● What you are asked to do
Of the entries below, return exactly those lines that fall between the one containing "Supporting frame for petroleum pipeline" and the one containing "Xn8 Boxing Gloves", the two end lines included.

● Dataset records
━━━━━━━━━━

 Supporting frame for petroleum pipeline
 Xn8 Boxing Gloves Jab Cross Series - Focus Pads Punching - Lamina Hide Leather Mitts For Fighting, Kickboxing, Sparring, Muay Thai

━━━━━━━━━━

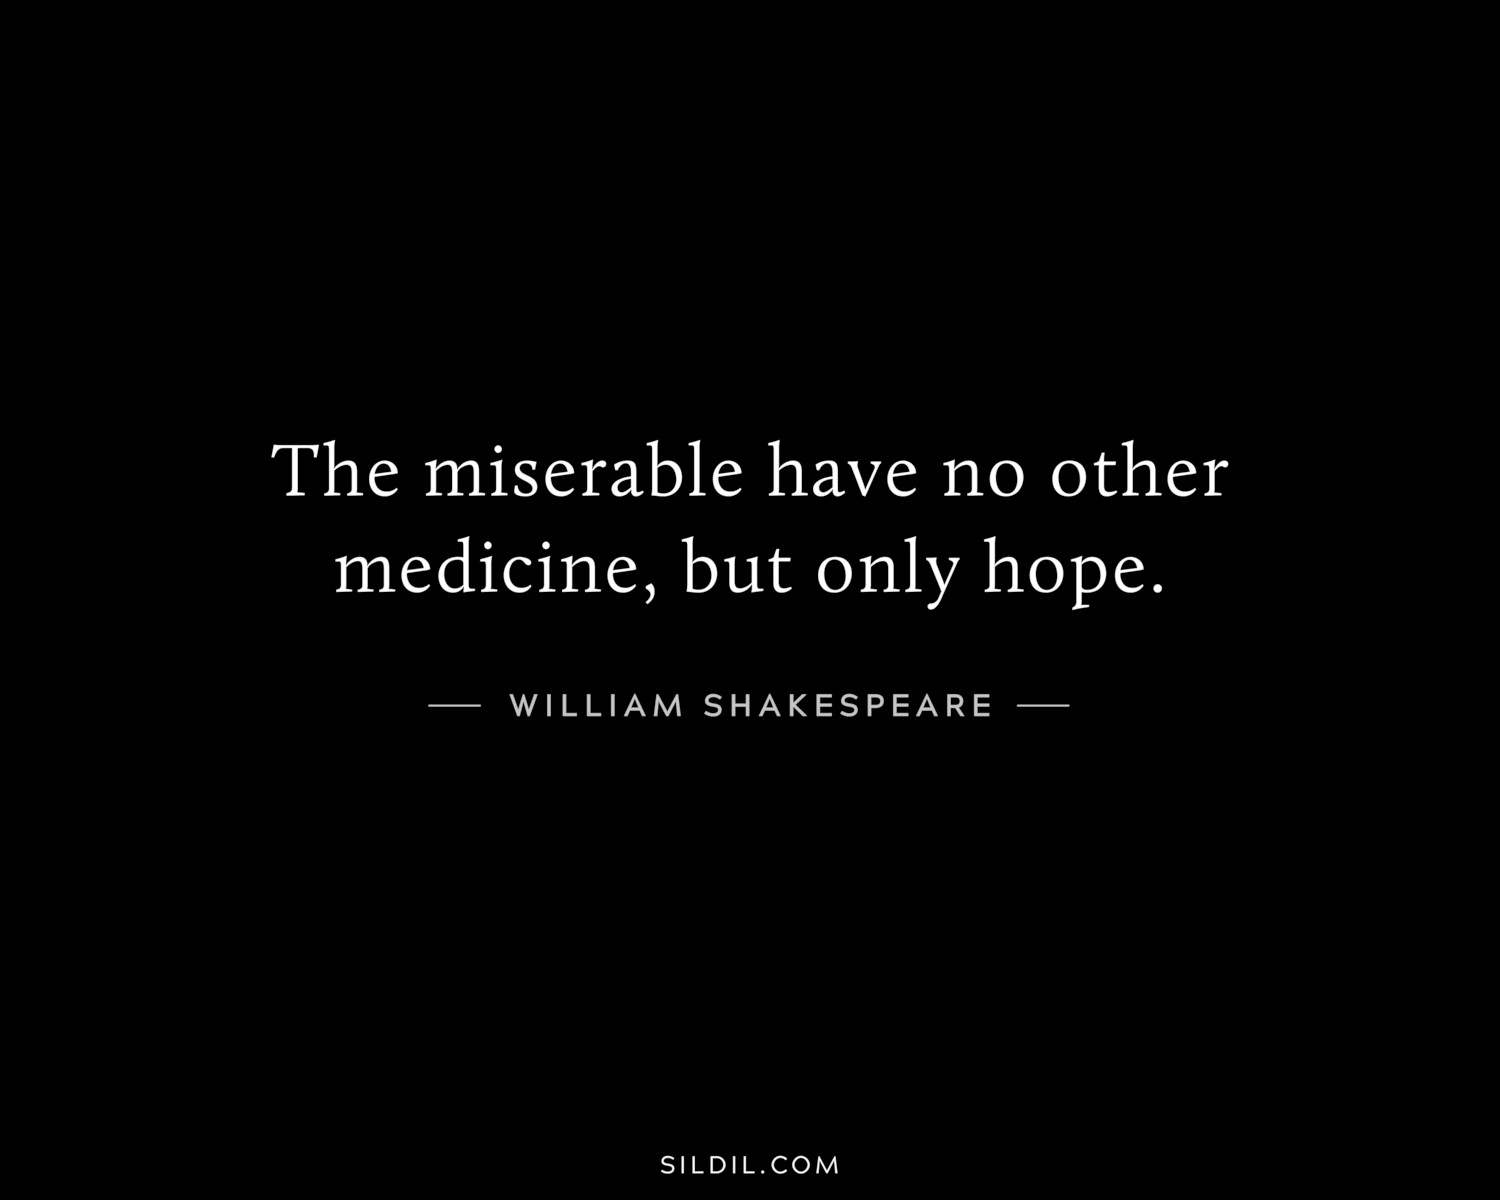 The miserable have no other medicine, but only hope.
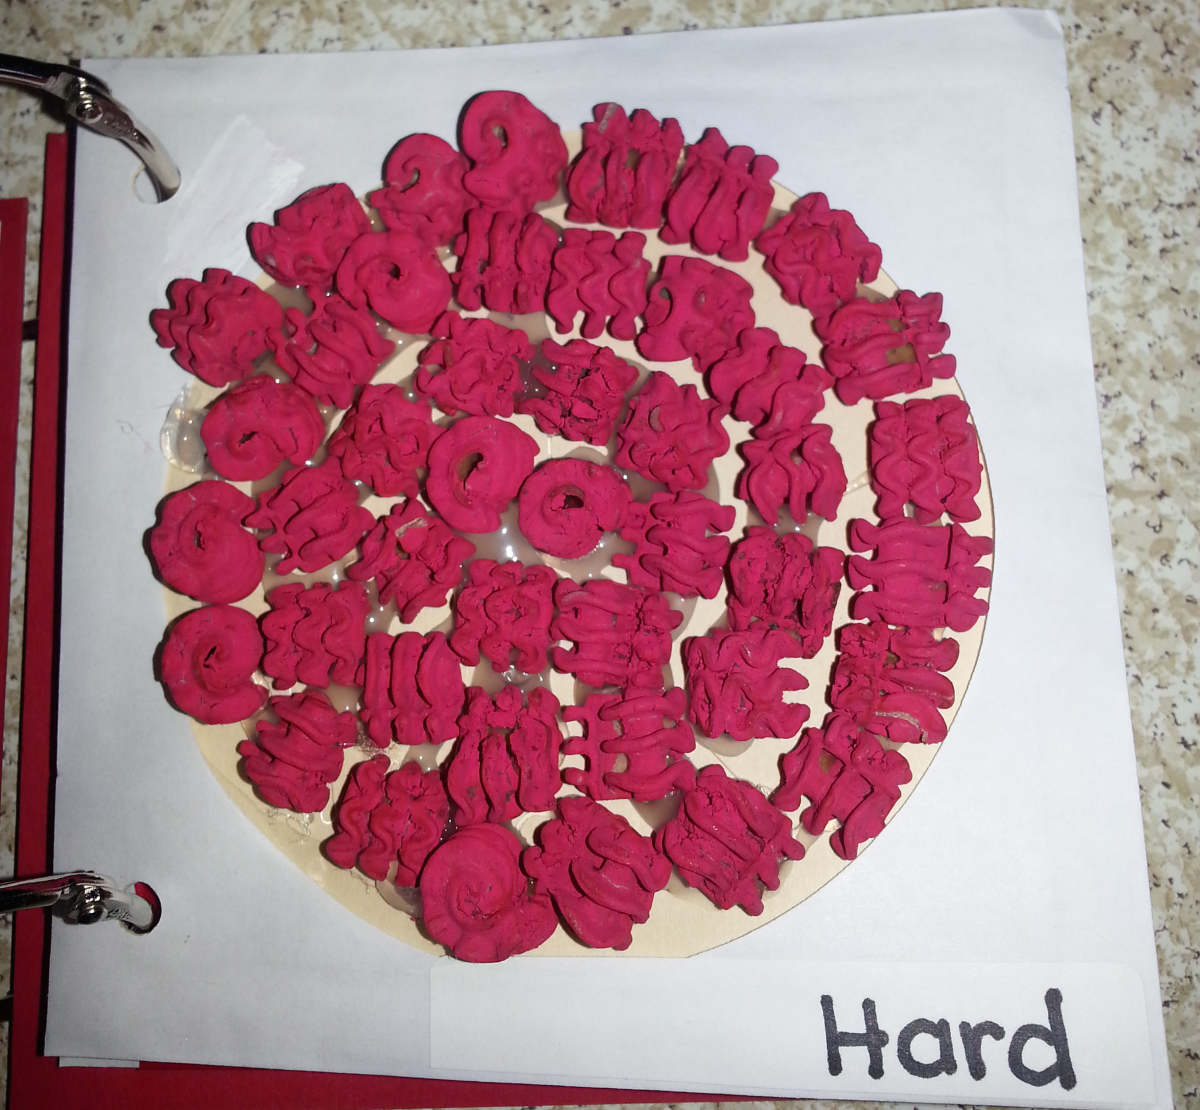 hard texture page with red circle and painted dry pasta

━━━━━━━━━━

● Reply to the exercise
 Supporting frame for petroleum pipeline
 Xn8 Boxing Gloves Jab Cross Series - Focus Pads Punching - Lamina Hide Leather Mitts For Fighting, Kickboxing, Sparring, Muay Thai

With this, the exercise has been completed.